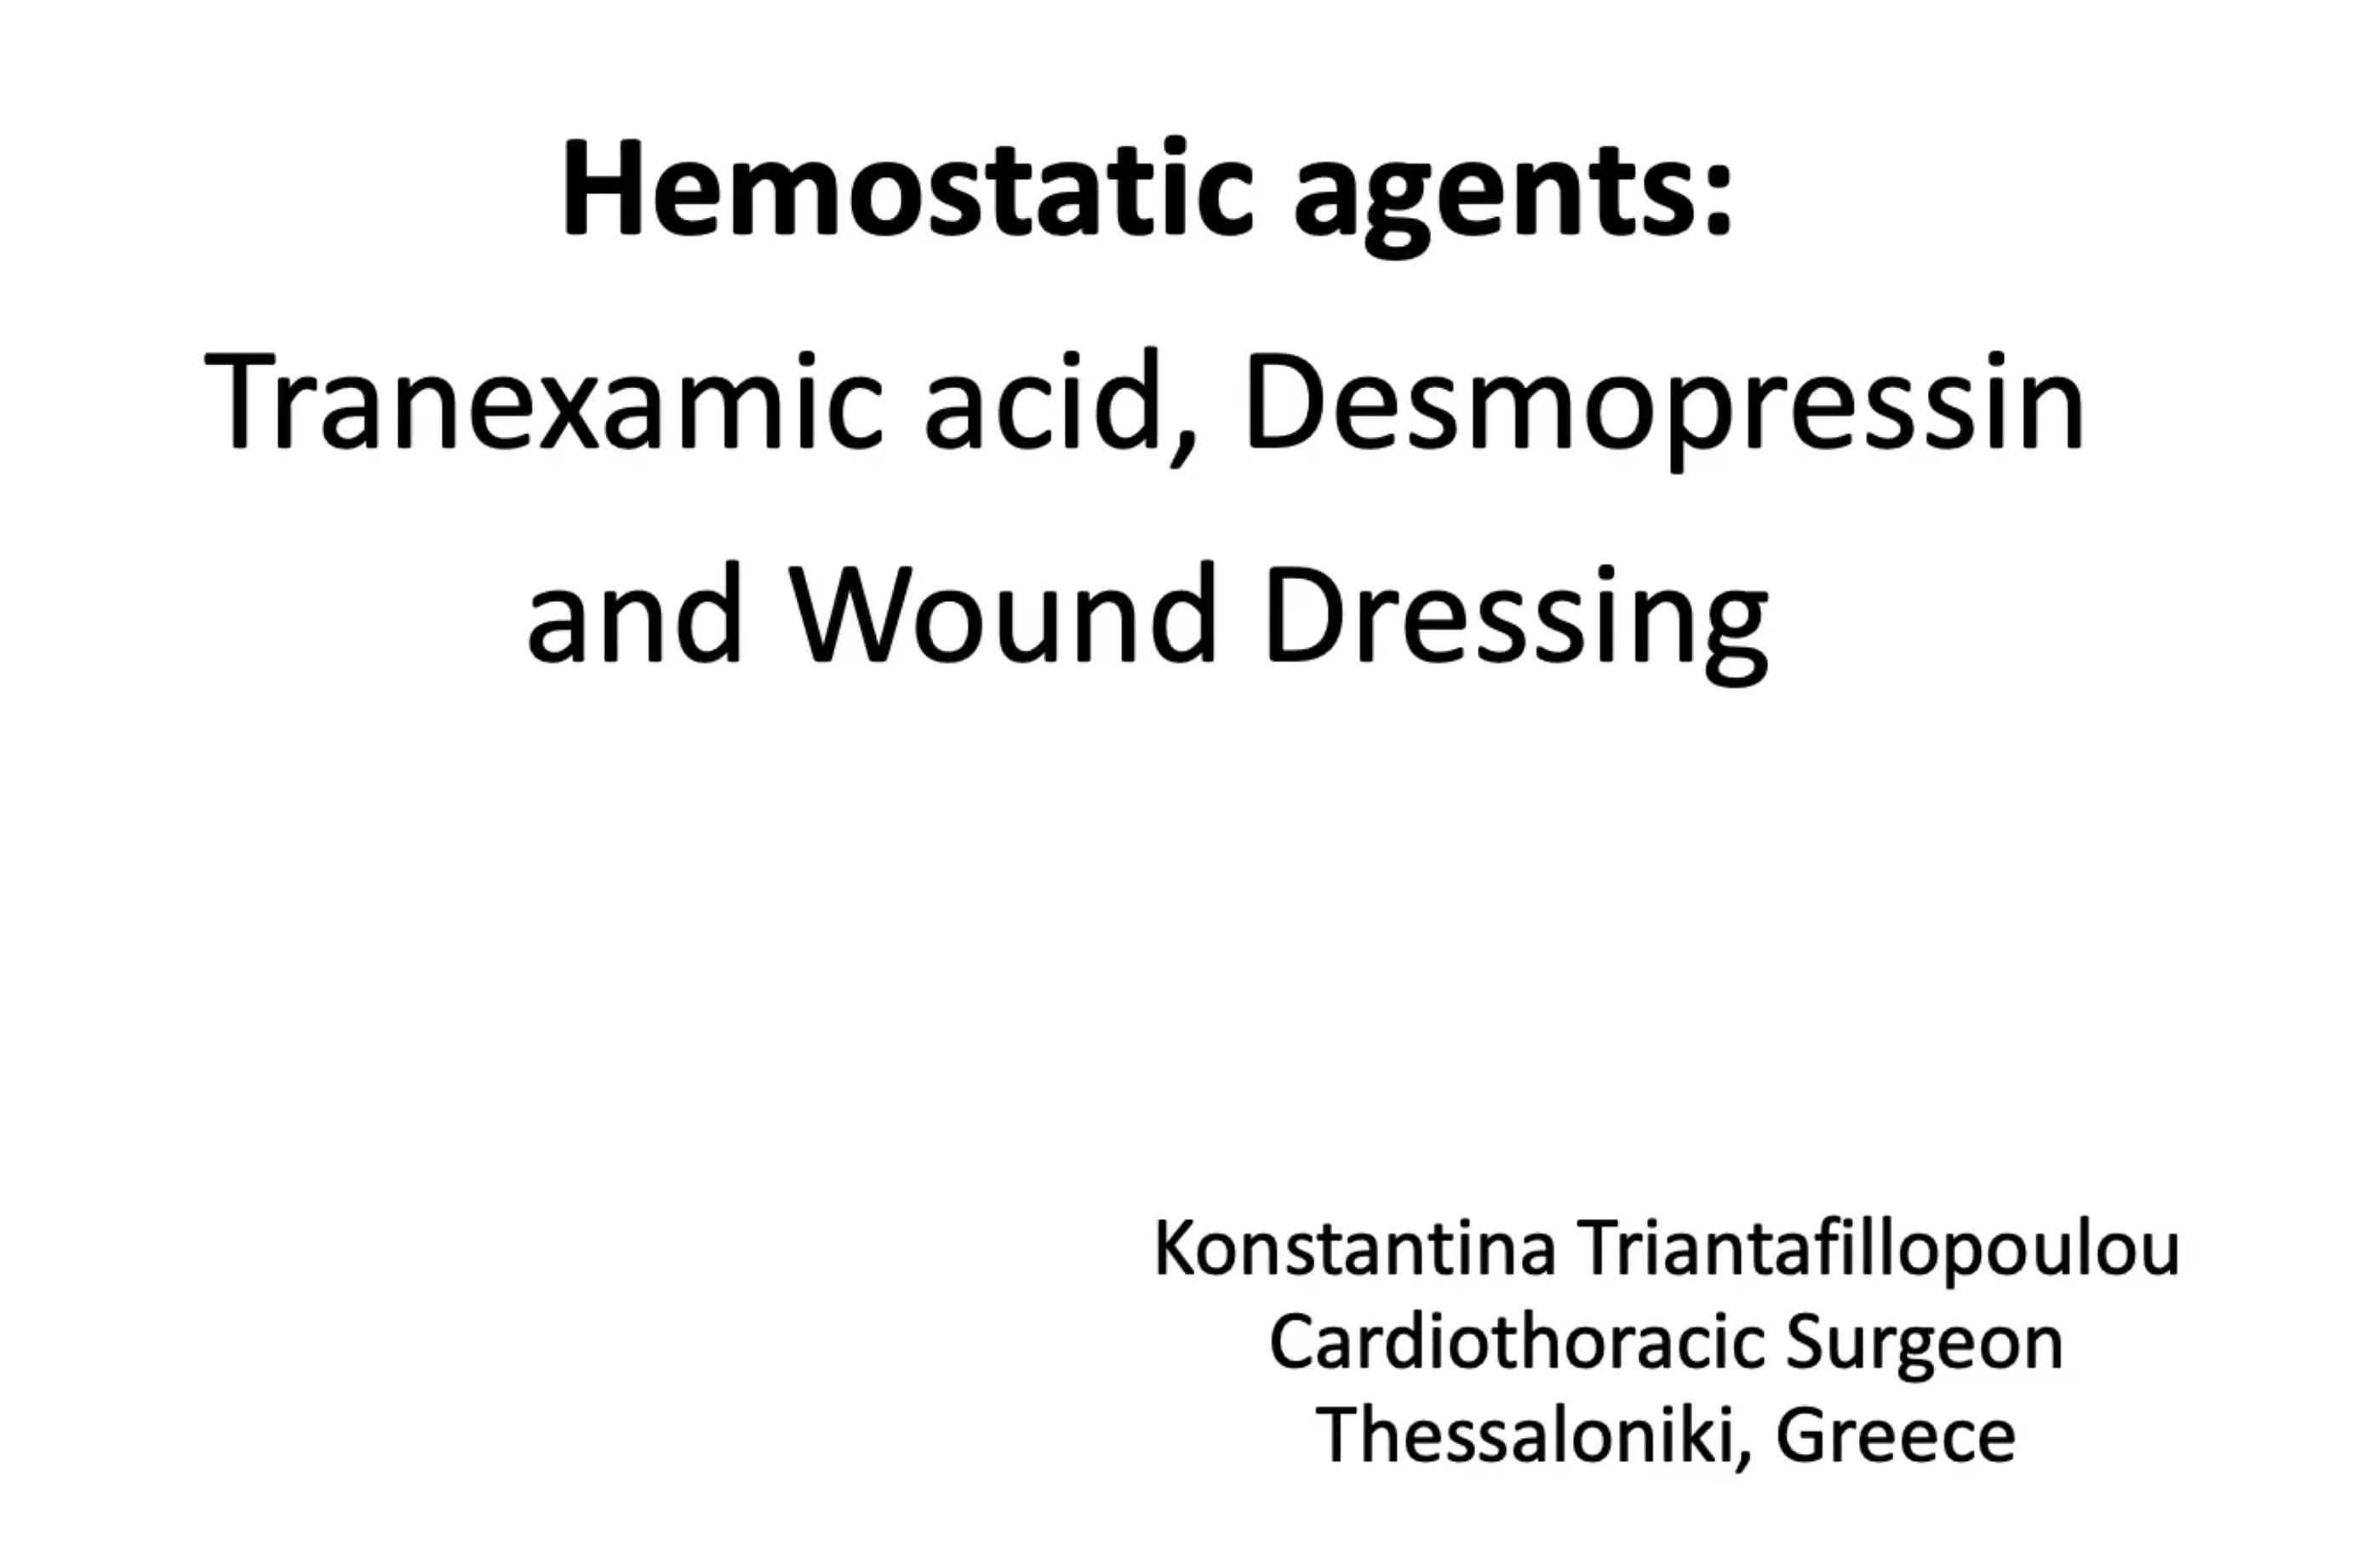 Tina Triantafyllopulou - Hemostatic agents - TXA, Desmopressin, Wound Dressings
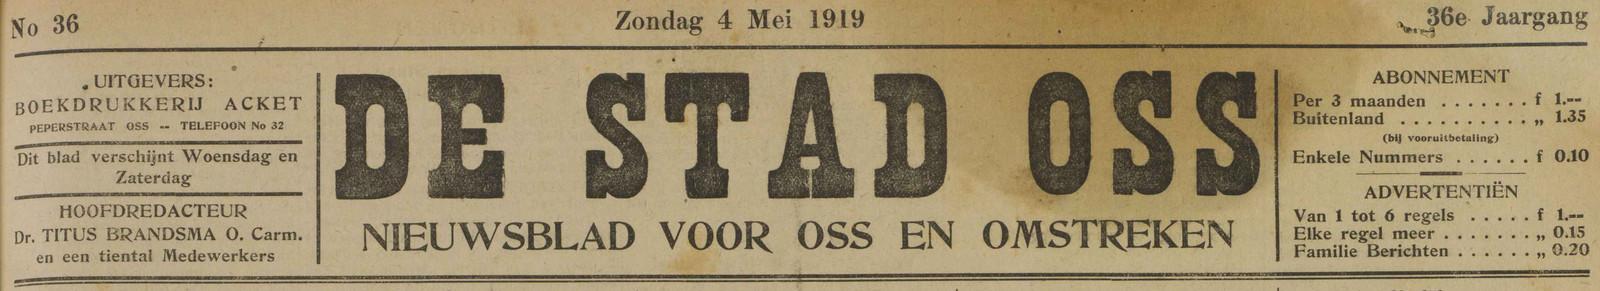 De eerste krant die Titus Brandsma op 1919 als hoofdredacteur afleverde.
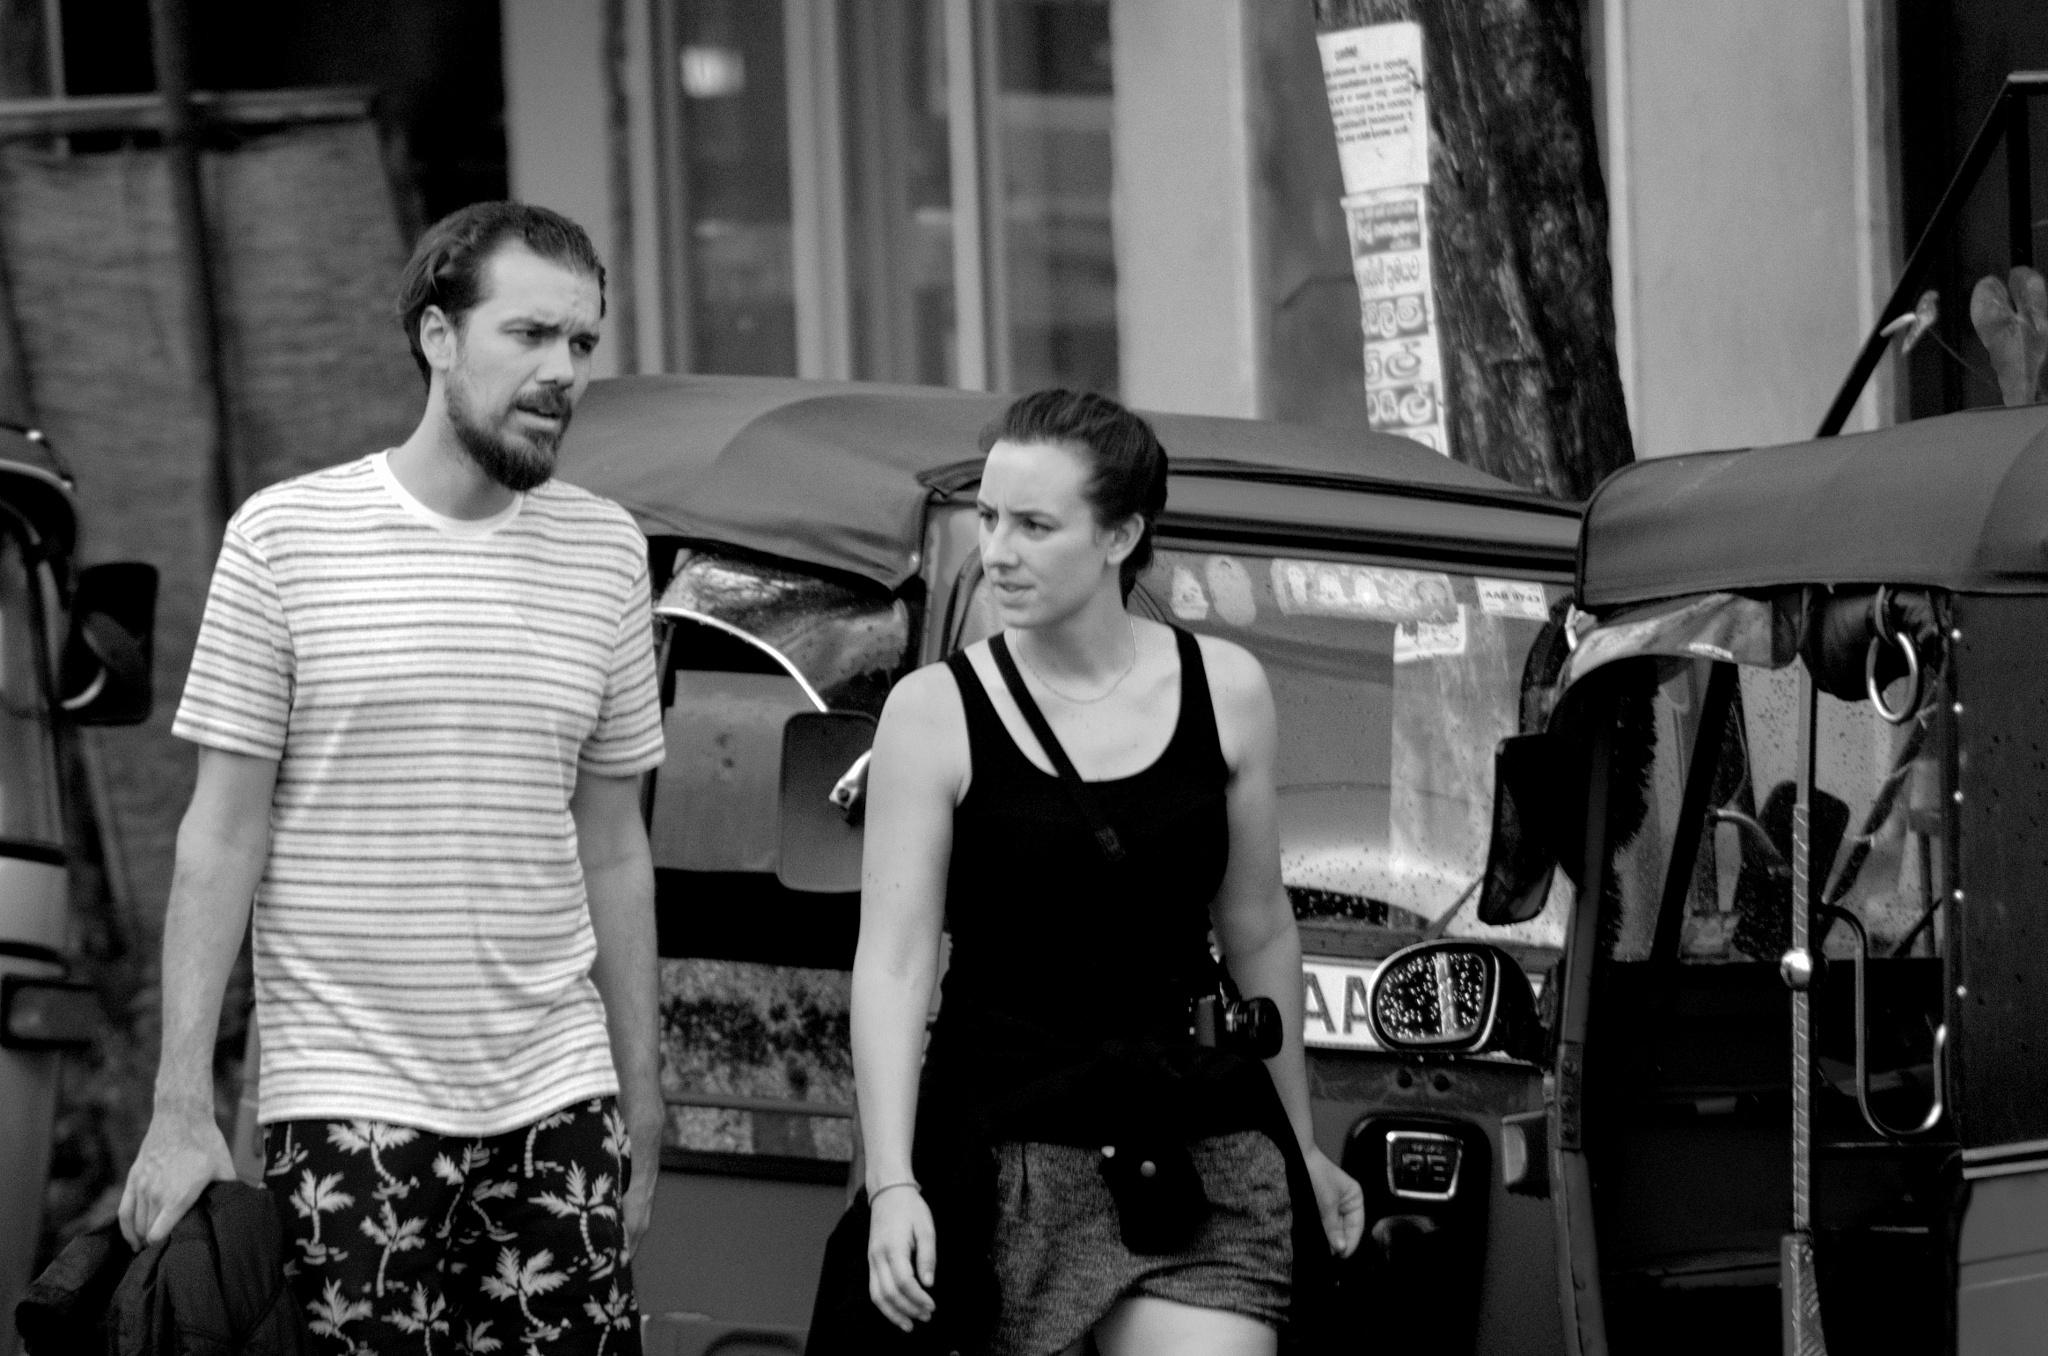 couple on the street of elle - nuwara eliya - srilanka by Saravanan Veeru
┄┄┄┄┄┄
**Assignment:**
Produce the data again character for character, with the images left out.

**Result of this task:**
 Tina Triantafyllopulou - Hemostatic agents - TXA, Desmopressin, Wound Dressings
 De eerste krant die Titus Brandsma op 1919 als hoofdredacteur afleverde.
 couple on the street of elle - nuwara eliya - srilanka by Saravanan Veeru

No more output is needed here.